# Faelan's very first JWW leg and Std too :)



## AmberSunrise (Apr 1, 2009)

He q'd in preferred JWW today on a course designed to bring bars down, fun to run but watching open with a similar course have so few bars remaining up made me think outside the box. He was running so fast I actually stopped him on course to collect himself but let him have his head on the course closing 4 jumps. He was applauded any people were actually lined up to compliment his 'go' response. 2nd place but mostly no knocked bars 
... what a good boy he is.


----------



## DNL2448 (Feb 13, 2009)

Yay Faelan! Congratulations, sounds like you had a super fun day!


----------



## hotel4dogs (Sep 29, 2008)

woooooo hooooo great job Faelan! (and Sharon!)


----------



## sammydog (Aug 23, 2008)

Wonderful job! That first leg is the best! Are you showing again tomorrow?


----------



## Loisiana (Jul 29, 2009)

Faelan's going to be one of those dogs with too many letters behind his name to count! Congrats on a leg towards a new title!


----------



## AmberSunrise (Apr 1, 2009)

sammydog said:


> Wonderful job! That first leg is the best! Are you showing again tomorrow?
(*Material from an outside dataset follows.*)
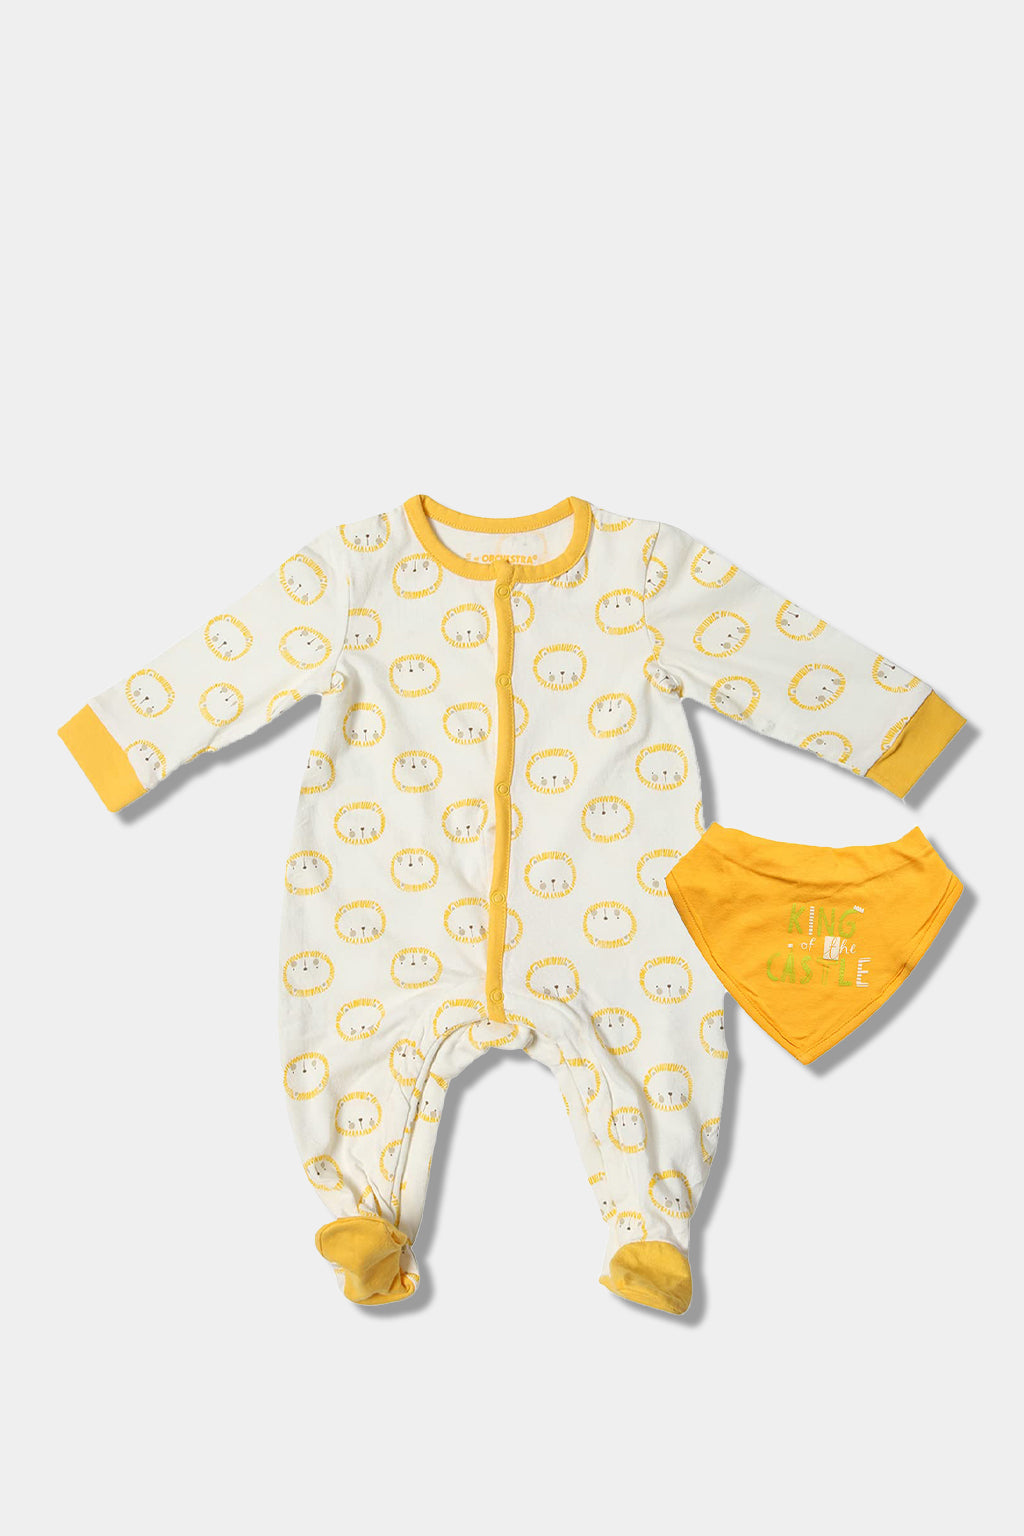 Orchestra Bebe - Little Peaches Baby Sleepsuit

No, I pick up Ms Towhee tomorrow and Faelan is in a fun field trial. Now that he is leaving bars up (knock wood) we may start back to backs, but I still have lots of jump work ahead. But he kept the bars up this morning and that's a great start


----------



## sammydog (Aug 23, 2008)

I almost forgot your fun field day was this weekend. Have fun!!


----------



## AmberSunrise (Apr 1, 2009)

Faelan's first NAP Q was also today. 1st place. He really did well today and his instructors got to see him being successful too. Good boy squared. 2 toys, 2 rosettes and one happy person with her dog.


----------



## hollyk (Feb 21, 2009)

Woohoo! Well done Sharon and Faelan.


----------



## sammydog (Aug 23, 2008)

Yay! Your day got even better!!! Congrats on the Qs, the ribbon and the toys! Enjoy!


----------



## Titan1 (Jan 19, 2010)

Sharon congrats to you both... When you pick up Ms Towhee... will you see some puppies?


----------



## AmberSunrise (Apr 1, 2009)

@Michelle,

Probably not  Ms Towhee will be coming to the Fun Field Trial with Barb & Mike's crew ( they have 5 entered). I doubt if Barb will be bringing such young pups to the training grounds.


----------



## AmberSunrise (Apr 1, 2009)

Photos of Faelan with his ribbons & toys (from Facebook an my phone)


----------



## hotel4dogs (Sep 29, 2008)

wow, congratulations on TWO q's!


----------



## Loisiana (Jul 29, 2009)

He is so freaking handsome Sharon!


----------



## 2golddogs (Oct 19, 2009)

Congratulations! Love the pictures of your handsome boy.


----------



## AmberSunrise (Apr 1, 2009)

Loisiana said:


> He is so freaking handsome Sharon!


Thanks  I looked at the photos and wished I had groomed him up after his last Hunt Test LOL; he is only 65 pounds at 23 1/2 inches tail but his coat makes him look heavier - but then I love his coat


----------



## hawtee (Nov 1, 2006)

Great job and what a good looking boy, Love that smile of his!


----------



## tippykayak (Oct 27, 2008)

Congrats, you guys!


----------



## Maxs Mom (Mar 22, 2008)

WOO HOO a "double Q". That is awesome! 

Congratulations. He looks so nice with his ribbons.


----------